2025 – Q1 Market Update

Dear Clients and Friends, 

We know 2025 did not start the way we envisioned. We all know someone personally that was affected by the LA County fires that ravaged the Palisades and Altadena communities in early January. In the coming months and years, we are going to have to work together to find ways to help clients, family, and friends rebuild their homes and their lives. To navigate what’s likely to be a frustrating world of insurance policies, FEMA claims, document recovery, legal expenses, and more. Many will feel lost in a financial wilderness. This is where our collective sense of purpose lives. Please lean on us, it will take a village as they say.

2024 Market Performance

2024 was a remarkable year for the equity market. The S&P 500 gained 25% (the second consecutive year of 20+% gains) and was the third-best annual return for the index since 2000. This impressive performance has been supported by several factors: the economy continuing to surprise to the upside, moderating inflation, and the Federal Reserve (Fed) beginning to ease monetary policy.

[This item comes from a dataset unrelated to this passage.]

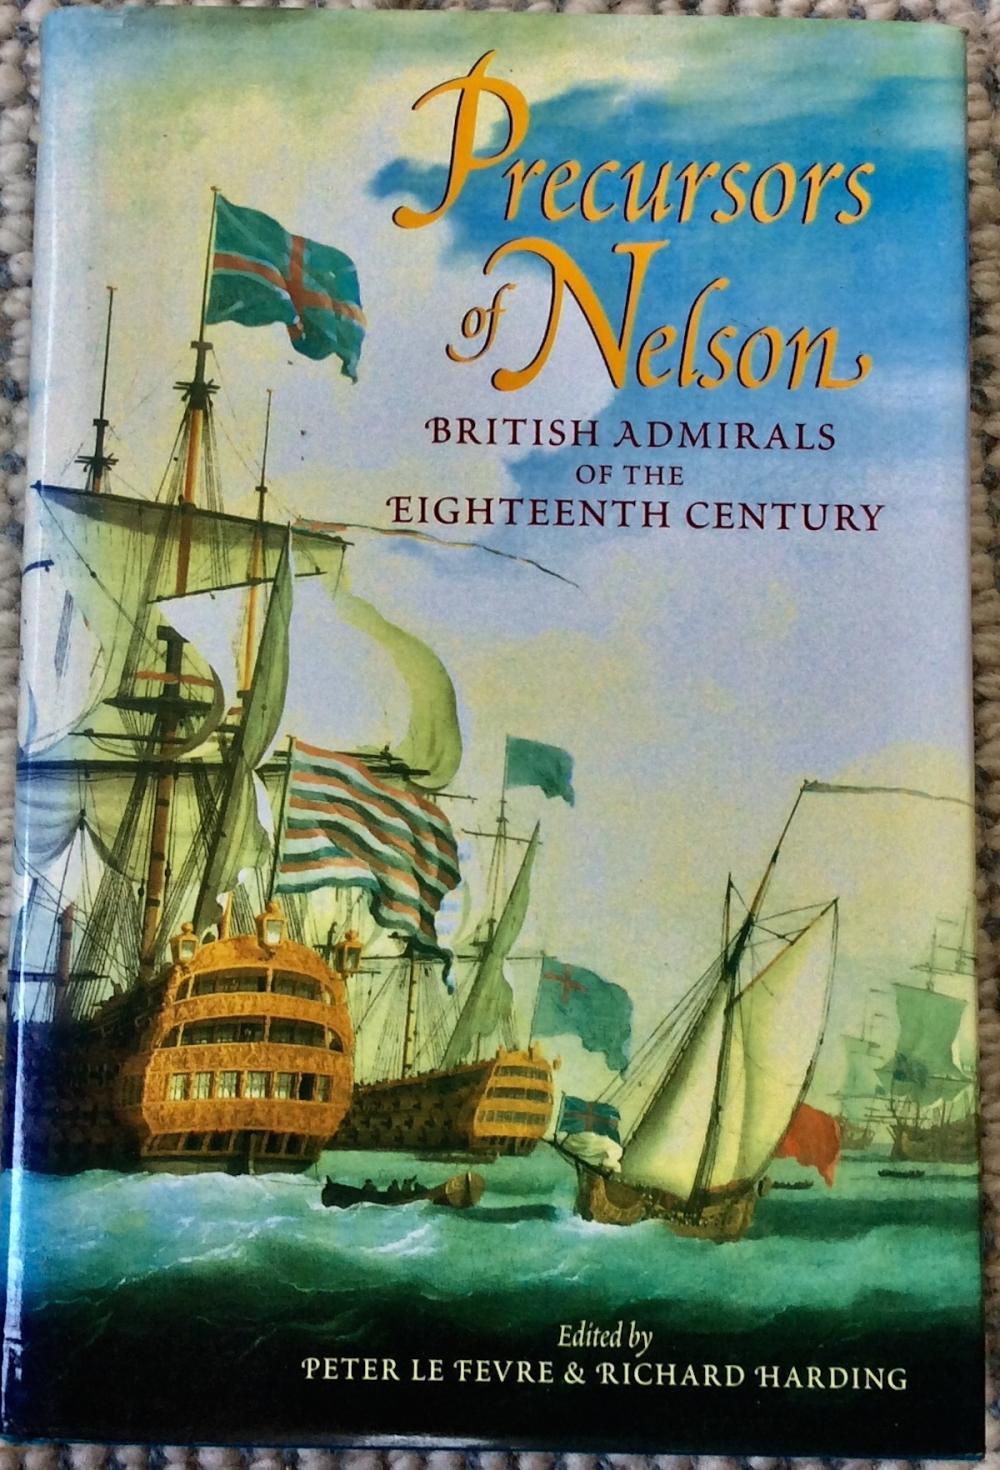 Antique/Collectible Books/Art: Military/History/Technical books etc Original Art Autographs Epherma

Post-Election Market Dynamics

The S&P 500 has gained 5.5% since the election as markets applauded President-elect Trump’s pro-growth agenda. However, we recognize that campaign promises do not always materialize during presidential terms. Tariffs, taxes, and deregulation have become the three largest policy-related focuses of the market. Thus far, the perceived positive market impacts from deregulation and taxes have outweighed potential negative impacts to profitability and inflation from tariffs.

Investor Sentiment and Portfolio Performance

Investors are likely feeling “S&P Envy” again in 2024. A balanced portfolio had another good year, but trailed US stock by a large margin and the chart indicates1:

2024 was the 18th largest year for “S&P Envy” when comparing the S&P return to a hypothetical 60/40 portfolio.

The Importance of Diversification

A common question we hear from investors is, “Why don’t we just invest everything in the S&P 500?” It’s an understandable thought, especially after a period of strong market performance. However, focusing solely on one index—or any single investment—can significantly increase your risk.

The S&P 500 has delivered impressive returns in recent years, but past performance doesn’t guarantee future success. Today, the index is priced at historically high levels and is heavily concentrated, with a handful of companies making up a large portion of its total value. This concentration can create vulnerability, especially if those leading companies underperform.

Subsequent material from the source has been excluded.